TAP loses 70% of passengers in Porto on 2019
Both August and September were a disaster for national airline TAP in terms of passenger numbers flying to and from Porto.
Not only were there less passengers, down 70% overall from January to September on 2019, its low-cost competitors did better and picked up more passengers.
In Lisbon, the airline which between 2020-2021 has received €2Bn in State aid, has not been transporting even half of the passengers it carried in September 2019. The situation in Porto is even worse: TAP as lost 70.1% of its passengers compared to September 2019 and is on the point of being overtaken by low-cost Dutch airline Transavia.com
And to add to the airlines problems, which already faces having to sacrifice up to 20 peak time slots to other airlines such as Ryanair, economists have warned that the rejection of the State Budget 2022 TAP runs a serious risk of not getting any more cash from the Government.
In particular, a €1Bn payment to the airline and a €1.8Bn into the debt-ridden State railways company CP (Combios de Portugal).
“These capital injections need authorisation and the (Government) doesn’t have the conditions to make them.
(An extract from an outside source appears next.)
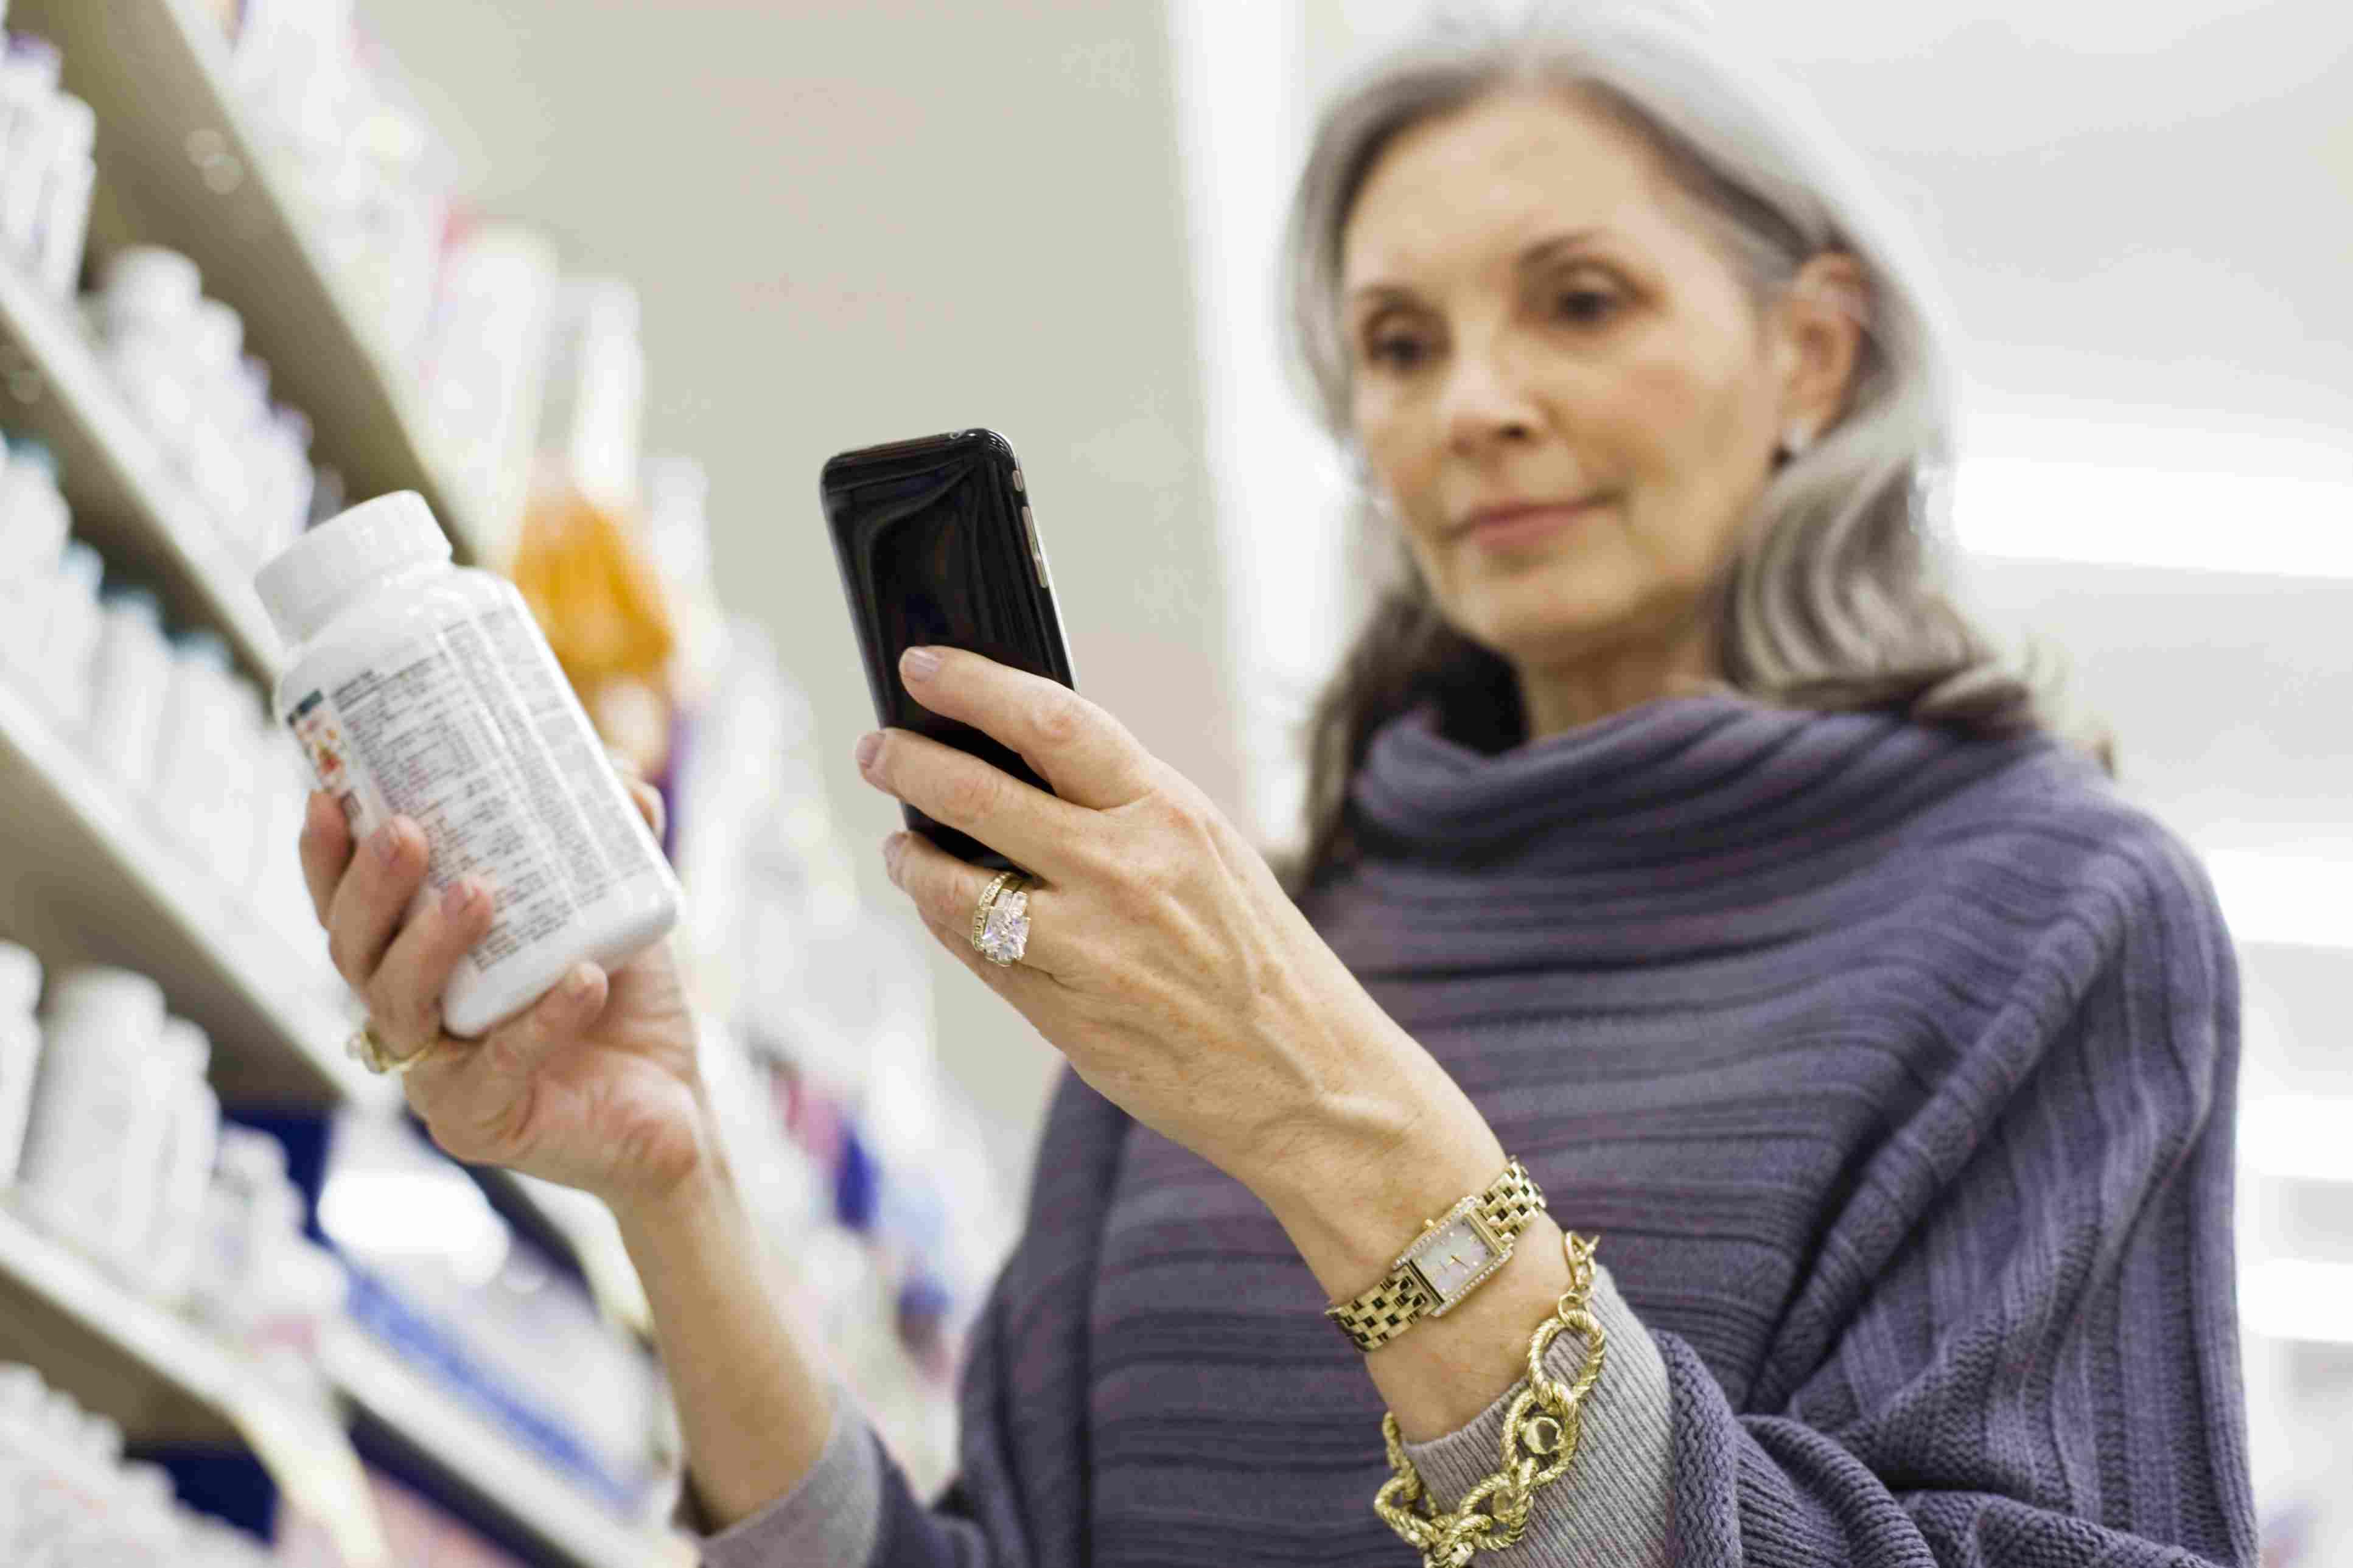 Senior woman reading medicine bottle

This will be put off until a State Budget can be agreed”, the economist Paulo Trigo Pereira told Jornal Económico.
However, the minister for Infrastructure and Housing said on Thursday last week that TAP’s revenues were “above those forecast in the document detailing company’s restructuring plan”.
Pedro Santos Nunes also said that the company’s recovery was “going well” but admitted that negotiations with the EU were “long and complicated”.
And as to the question of slots, the minister said, “We are negotiating the number of the slots to hand over” and added that the EU had forced Lufthansa and Air France to do the same.